If there were a “Godfather” of the restaurant scene in Sydney’s original Little Italy, it would be Bill & Toni’s. Open for more than 40 years on Stanley Street, the restaurant’s humble menu hasn’t changed since first opening in 1965. All the crowd-pleasers are there, including a spaghetti bolognaise nonna couldn’t fault, and its locally famous schnitzel and cheese. Giant meatballs, lamb shanks and osso bucco are also popular, hearty choices. If the carafes of complementary orange cordial don’t suffice, the option of BYO is available with no charge for corkage. “We believe eating dinner here needs to be affordable for everyone. Let the customer have the choice,” explains general manager Claude Tropea.

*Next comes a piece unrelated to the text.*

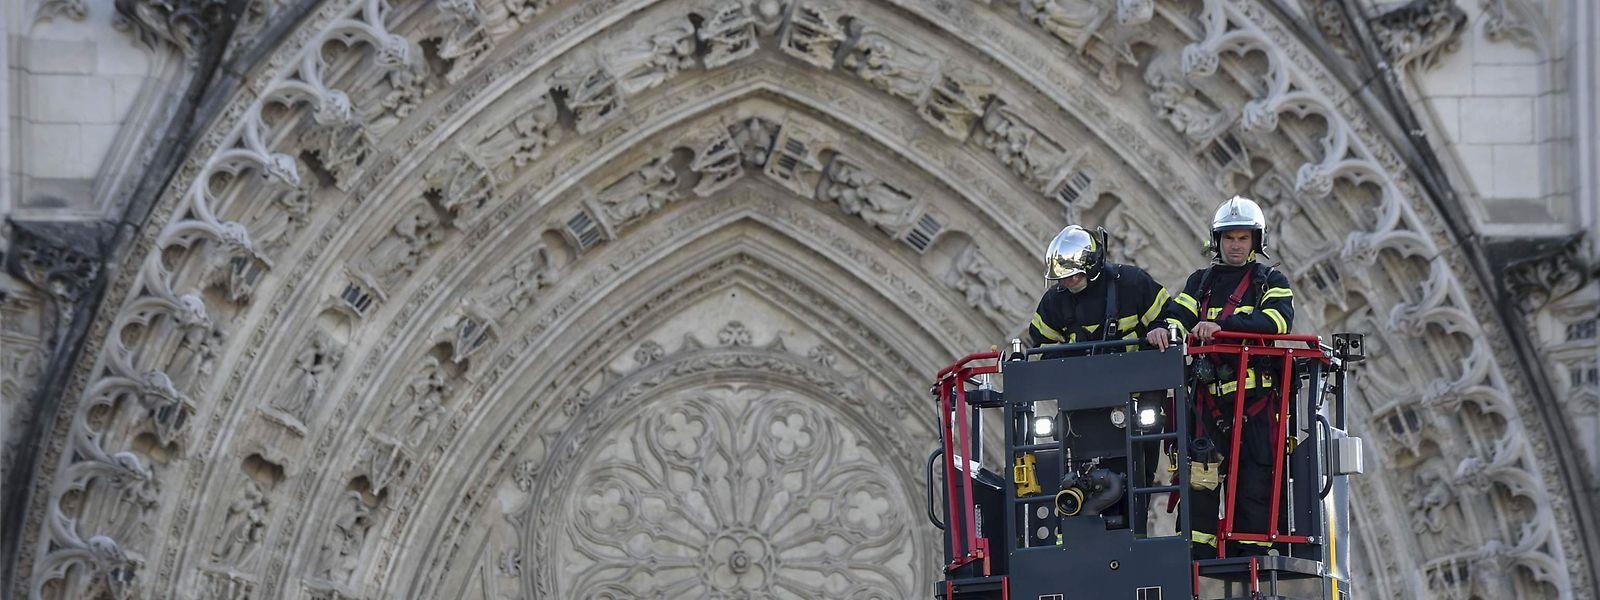 Les pompiers vérifient depuis près de 48 heures l'état de la structure même de la cathédrale. Le feu et l'eau ayant pu la fragiliser par endroits.

The interior has barely changed since day one. Aside from a good clean-up, a fresh lick of paint and a couple of new kitchens, Bill & Toni’s still has its 1970s charm firmly intact. Seats are scattered on the pavement out front, usually occupied by Italian gentlemen sipping espresso. Tables on the balcony upstairs are still coveted seats, while the original pinball machines downstairs are relics of decades gone by.

Originally from Sicily, Bill Chiappini learned to make a mean cup of coffee in Kings Cross. After his boss lost his cafe in a poker game, Chiappini – then unemployed – decided to open his own coffee shop in 1965, which he named San Siro Coffee Lounge. As the Baby Boomer generation hit the scene in the ’70s, lifestyles changed and eating out on became more common. To keep up, Chiappini opened a restaurant above his coffee lounge. He sought help from Toni de Santis and Adolfo Fasciani. Both were originally from Rome and were working in the kitchen of a nearby restaurant. They began serving inexpensive, traditional, and above all, from-the-heart, cuisine upstairs. Their new venture was instantly popular. “Both Bill and Toni have unfortunately passed away, but their legacies remain. Bill was a gentleman. He was charming, suave and very elegant – typically very Italian,” explains Tropea. “Toni was a people’s person – always welcoming and passionate about ensuring that customers were happy.”

Today, Robert Domabyl, a long-standing customer, owns the restaurant after taking it on in 2013 with the help of Tropea, who also started out as a customer. As new restaurants and cafes continue to pop up around the 1960s venue, the question is, why do people still choose Bill & Toni’s?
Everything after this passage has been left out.